ReS Futurae (Jun 2023)
Désenchanter l’habitat spatial : environnements artificiels et mondes sans nature dans Aurora (K. S. Robinson), Shangri-La (M. Bablet) et Nos Temps contraires (G. Toriko)
Abstract
The novel Aurora (Kim Stanley Robinson, 2015), the graphic novel Shangri-La (Mathieu Bablet, 2016) and the manga Nos temps contraires (Kimi o Shinasenai tame no Monogatari, Gin Toriko, 2020-2022 [2017-2021 in Japan]) form a corpus using space habitat as a narrative setting. These fictions are a part of narratives and iconography of space habitats defined notably by Gerard K. O’Neill’s essay The High Frontier (1977) illustrated by Donald E. Davis who presented space habitats as utopian places.

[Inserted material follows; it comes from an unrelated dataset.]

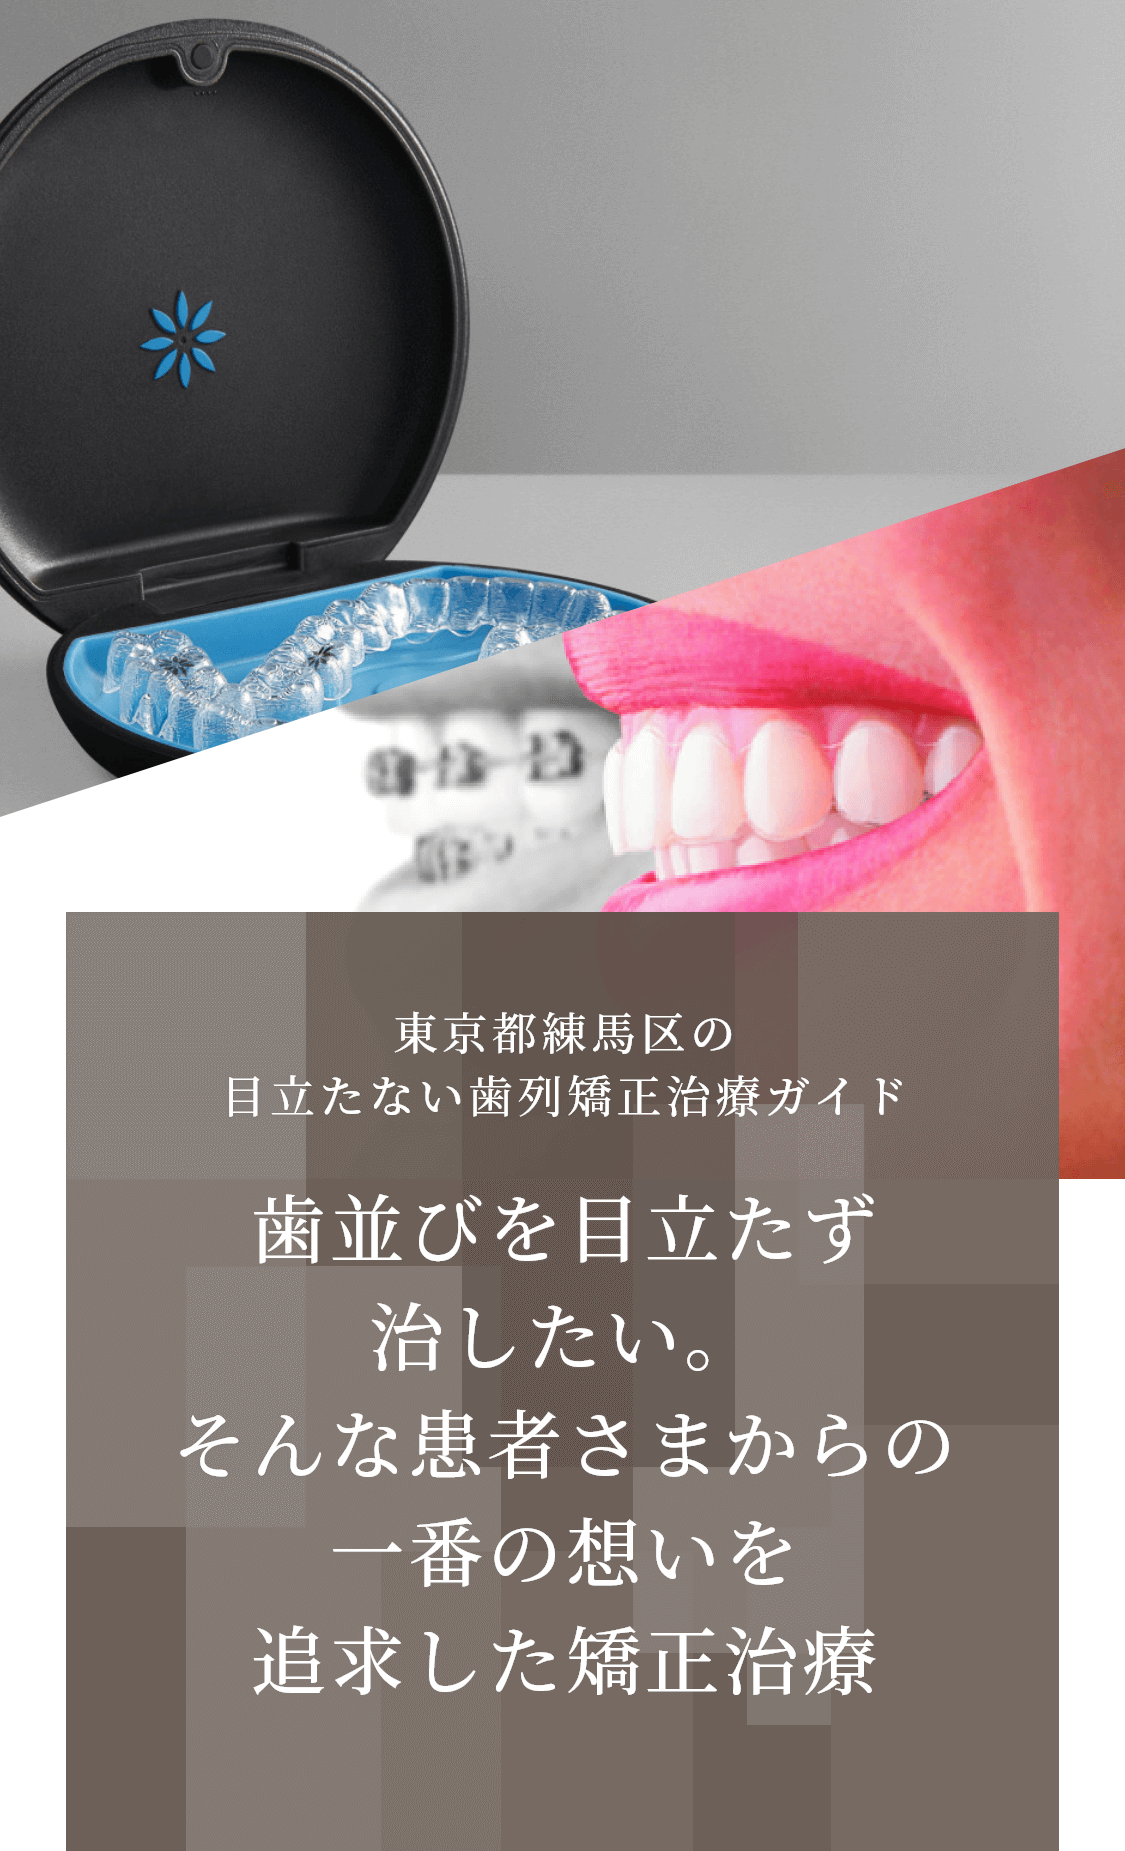 東京都練馬区の目立たない歯列矯正治療ガイド 歯並びを目立たず治したい。そんな患者さまからの一番の想いを追求した矯正治療

Through a comparative study of these three fictions, we will show that they are less optimistic about these environments. They all present space habitats no longer as utopian places or as a plan B for the survival of humankind, but as limited environments from which we wish to escape. Aurora depicts an « astropastoral » environment (Brad Tabas, 2021) to interrogate the relationship between humanity and its habitat, whether natural or artificial. Shangri-La and Nos temps contraires depict worlds without nature to accentuate the dystopian setting of these stories. These three fictions also use the « limits aesthetic » (« esthétique des limites ») of the Anthropocene which has been theorized by Tommasio Guariento. It manifests in the corpus through two patterns: the Earth’s contemplation and the return to Earth. Thus, through the space habitat setting, this corpus mainly questions the humanity’s terrestrial condition in an era of ecological anxieties.